NOTICE OF PRIVACY PRACTICES

YOUR PRIVACY IS OUR PRIORITY:
我们如何保护和利用健康信息的指南

“THIS NOTICE DESCRIBES HOW MEDICAL INFORMATION ABOUT YOU MAY BE USED AND DISCLOSED AND HOW YOU CAN GET ACCESS TO THIS INFORMATION.
PLEASE REVIEW IT CAREFULLY.”

Oneida Health (OHC) takes the privacy of your health information seriously. We are required by Federal and State law to maintain the privacy of your health information and to provide you with this Notice of Privacy Practices outlining your rights and our legal duties with respect to using and disclosing your health information that is created or retained by OHC.  You will be asked to sign an acknowledgment of the receipt of this Notice.

OHC’s Legal Obligations

OHC is required by law to 1) protect the privacy of your health information; 2) provide you with a copy of this Notice of Privacy Practices which describes OHC’s privacy practices and legal duties regarding your health information; 3) abide by the terms and conditions of the Notice currently in effect; and 4) notify you of a breach of unsecured protected health information.

Who Will Follow This Notice

This Notice describes the privacy practices of our OHC entities, including the following:

  • Oneida Health (the Hospital);
  • Canastota-Lenox健康中心;
  • Chittenango Health Center;
  • Chittenango内科;
  • Verona Health Center;
  • 奥内达长期保健设施(长期保健设施);
  • 奥奈达医疗服务公司(奥奈达妇女保健协会);
  • Oneida Medical Practice, PC.

这些实体在本通知中被称为“OHC”。.  每个OHC实体将遵循本通知,包括:

  • 所有医务人员和卫生保健专业人员
  • 所有OHC雇员、人员和代表;
  • OHC volunteers we allow to help you while you receive services from OHC;
  • OHC附属卫生保健专业学校的学生;
  • OHC affiliates, including independent contractors, having access to your medical information.

The above OHC entities and individuals may share your health information with each other as may be necessary to provide you treatment, for payment of your treatment, or to support OHC’s health care operations to the extent authorized by law.

了解您的健康记录和信息

Each time you visit our healthcare center, a record of your visit is made.  Typically, this record contains health information from you and is stored in a paper chart and/or in an electronic format.  这是你的合法医疗记录.  This information, referred to as your health or medical record, serves as a:

  • 规划您的护理和治疗的基础
  • Means of communication among the many health professionals who contribute to your care
  • 描述你得到的照顾的法律文件
  • Means by which you or a third party payer can verify that services billed were actually provided
  • 教育卫生专业人员的工具
  • 医学研究的数据来源
  • Source of information for public health officials charged with improving the health of the nation
  • 为设施规划和市场营销提供数据来源
  • Tool with which we can assess and continually work to improve the care we render and the outcomes we achieve

Understanding what is in your record and how your health information is used helps you to:

  • Ensure its accuracy
  • Better understand who, what, when, where, and why others may access your health information
  • 在授权向他人披露信息时,做出更明智的决定

您的健康信息权利

Although your health record is the physical property of OHC, the information belongs to you.  You have the right to:

  • Request a restriction on certain uses and disclosures of your information. You have the right to request in writing a restriction or limitation on the medical information we use or disclose about you for treatment, payment, and health care operations. You also have the right to request in writing that we limit how we disclose medical information about you to family or friends involved in your care or the payment of your care. Generally, we are not required to agree to your request to restrict how we use and disclose your medical information.
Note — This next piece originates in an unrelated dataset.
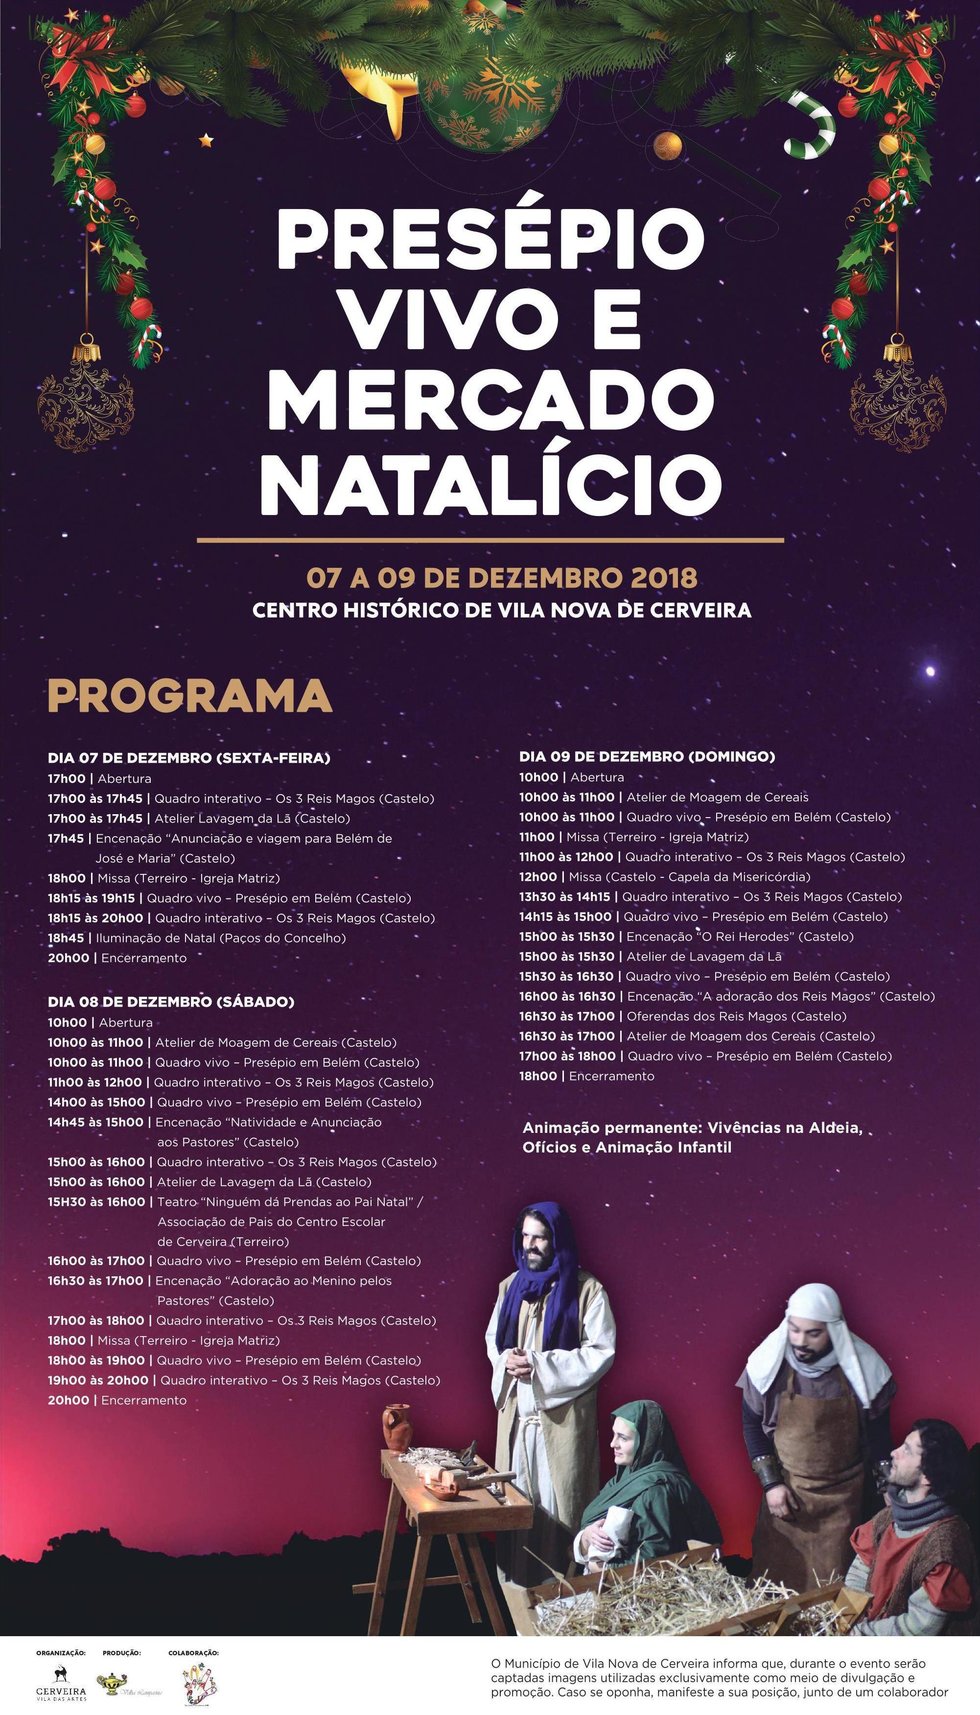 Mercado Natalicio 2018 - Programa
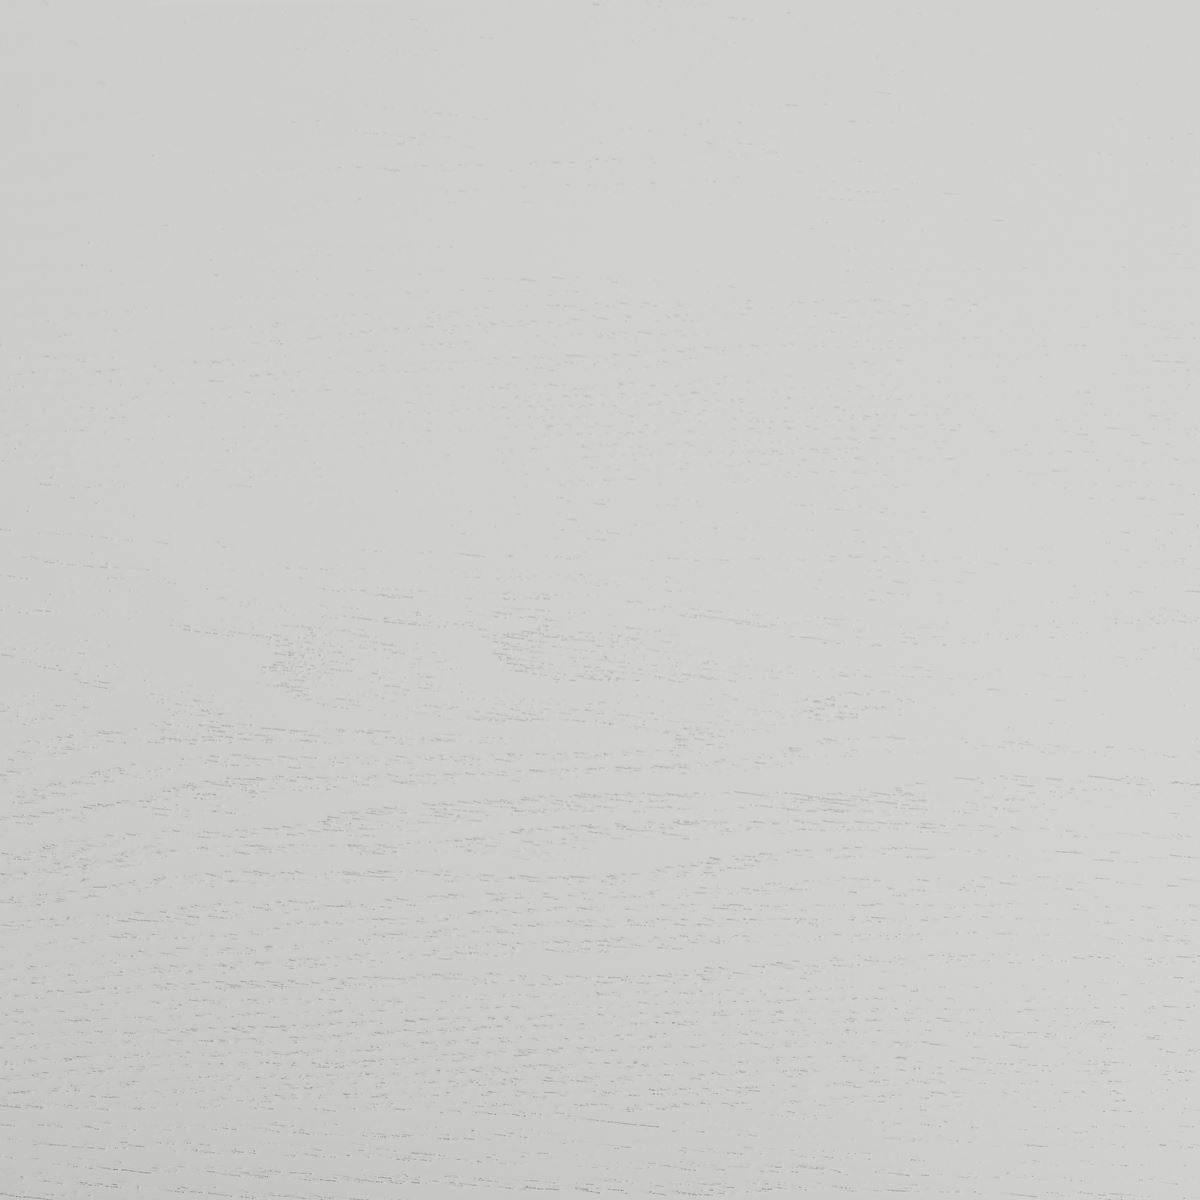 KUUM Stool shikaku - Gray White Steel Frame/Colored Wooden Seat / クーム  スツール シカク

Except however, if you request we restrict the disclosure of your health information to a health plan (your health insurer) related to services or items we provide to you and you pay us for such services or items out-of-pocket in full, we must agree to your request, 除非法律要求我们披露信息. Please note: This restriction will apply only when requested and services are paid in full. Future services without a restriction request and for which no out-of-pocket payment is received will be billed per provider and health plan policy, which may include current provider notes that reference prior treatments or services previously restricted. 如果我们同意限制的话, our agreement will be in writing and we will follow your request unless the information is needed to provide you emergency treatment or we terminate the agreement.
  • 应要求索取《澳门线上娱乐赌城》的书面副本.
  • Inspect and copy records. With certain exceptions, you have the right to inspect and obtain a copy of your health information that may be used to make health care and treatment decisions about you for as long as we maintain your records. 这包括医疗和账单记录. In most cases, a $.复印本每页收费75美分.
  • Amend your health record. If you believe that the health information OHC has about you is incorrect or incomplete, 你可以书面要求修改资料. You have the right to request an amendment for as long as we maintain your information. We may deny your request to amend your information under certain circumstances.
  • An accounting of disclosures. You have the right to request in writing an “accounting of disclosures” which is a list of information about how we disclosed your health information to others, 因为治疗以外的原因, 支付和保健业务. 某些其他披露不包括在列表中, including for example, disclosures you authorized us to make; disclosures to the facility directory; disclosures made to you, or to your family and friends involved in your care; disclosures made to federal officials for national security purposes; disclosures made to correctional facilities; and disclosures made six years prior to your request.
  • 要求保密通信. You have the right to request in writing that we communicate with you about your health care by alternative means or at alternative locations.  We will not ask you the reason for your request, and will try to accommodate all reasonable requests.
  • Authorize in writing the release of your information to a third party

Please submit your written requests as indicated above to the Director of Health Information Management, Oneida Health, 321 Genesee Street, Oneida, NY 13421

Notice Revisions

We reserve the right to change our privacy practices and this Notice and to make the new Notice effective for all health information that we already have as well as any information we receive in the future.  We will post the revised Notice at multiple locations in our facilities. The current Notice in effect will also be available on our website at http://www.ycmyyy.com/ 或者您可以在下次访问时获得当前通知的副本. 本通知的末尾包含通知的生效日期.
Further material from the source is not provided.